SEOUL // North Korea, which is facing international censure for this week's nuclear test, threatened yesterday to attack the South after it joined a US-led plan to check vessels suspected of carrying equipment for weapons of mass destruction. Adding to mounting tension in the region, South Korean media reported that Pyongyang had restarted a plant that makes plutonium that can be used in nuclear bombs.
Russia is taking preventive measures, including military ones, after North Korea tested an atomic bomb, Interfax news agency quoted a Russian official as saying.
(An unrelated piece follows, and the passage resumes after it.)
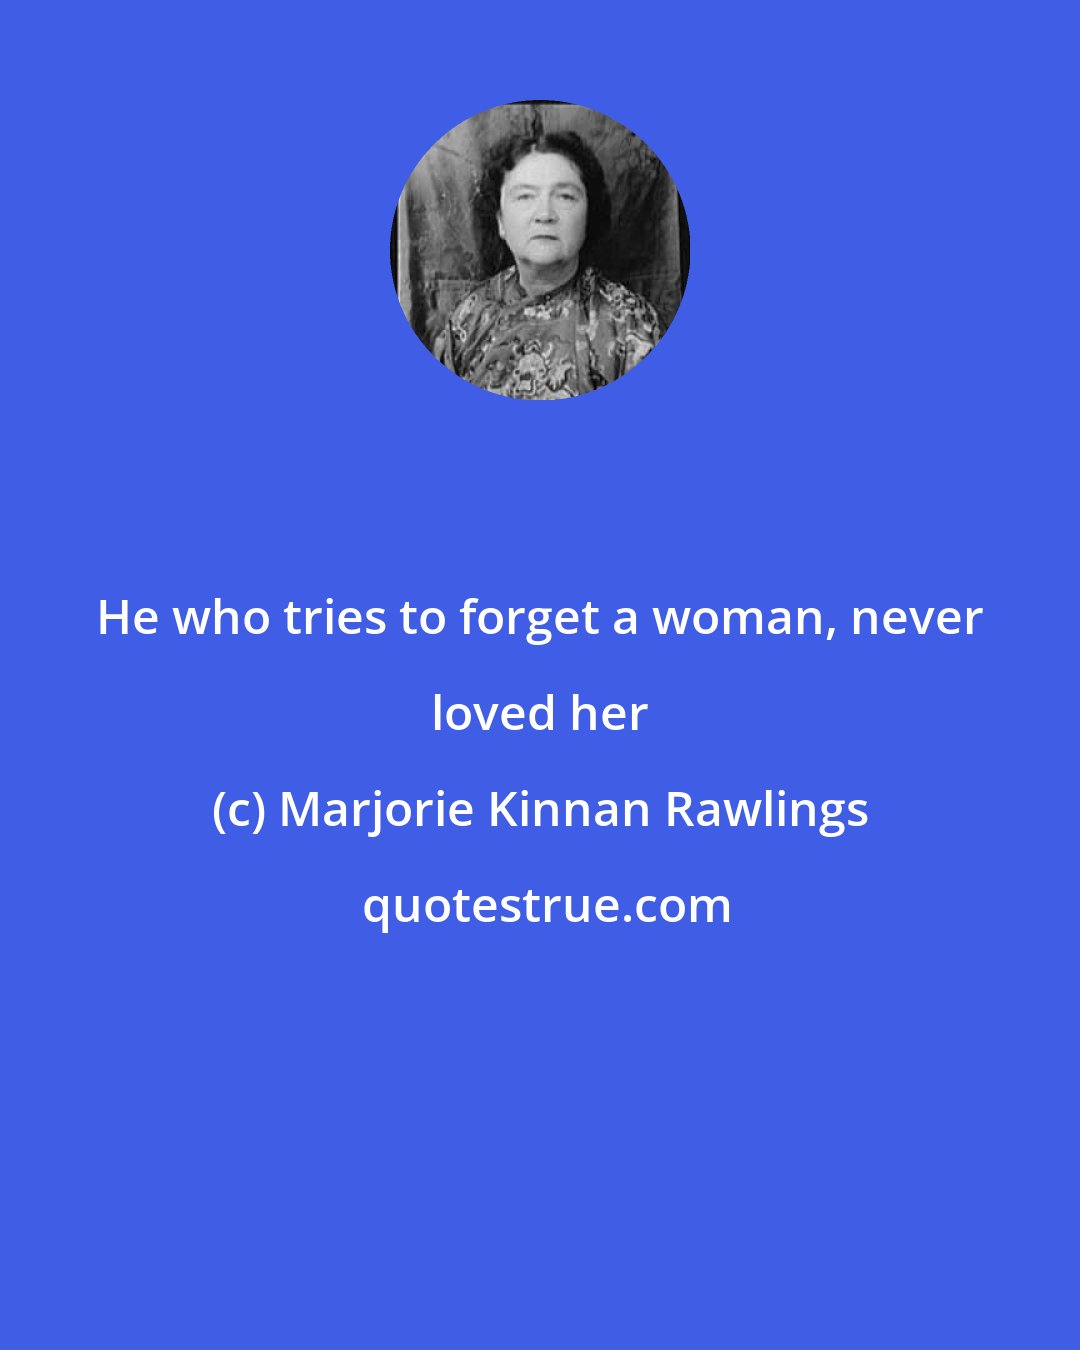 Marjorie Kinnan Rawlings: He who tries to forget a woman, never loved her

The official said the measures, which did not include troop movements, were needed in case a nuclear war broke out on the Korean peninsula. The UN Security Council is discussing ways to punish Pyongyang for Monday's test, which has been widely denounced as a major threat to regional stability, and that would bring the North closer to having a reliable nuclear bomb.
North Korea's latest threat came after Seoul announced, following the nuclear test, that it was joining the US-led Proliferation Security Initiative, launched under the George W Bush administration as a part of its "war on terror". "Any hostile act against our peaceful vessels, including search and seizure, will be considered an unpardonable infringement on our sovereignty and we will immediately respond with a powerful military strike," a North Korean army spokesman said.
He stressed that the North was no longer bound by an armistice signed at the end of the 1950-53 Korean War because Washington had ignored its responsibility as a signatory by drawing Seoul into the anti-proliferation effort. Seoul shares closed lower, with traders saying the latest rumblings underlined the risks for investors, stemming from simmering troubles along the Cold War's last frontier. The main index fell 3 per cent this week. The won currency was also down.
The nuclear test has raised concerns about Pyongyang spreading weapons to other countries or groups. Washington has accused it of trying try to sell nuclear know-how to Syria and others countries. The two Koreas fought two deadly naval clashes in 1999 and 2002 near a disputed maritime border off their west coast, and the North has threatened in the past year to strike South Korean vessels in those Yellow Sea waters.
Analysts say Pyongyang's military grandstanding is partly aimed at tightening its leader Kim Jong-il's grip on power so that he can more effectively engineer his succession, and divert attention from the country's weak economy, which has slumped since he took over in 1994. Many are speculating that Mr Kim's suspected stroke in August raised concerns about the succession, and that he wanted his third son to be the next leader of Asia's only communist dynasty.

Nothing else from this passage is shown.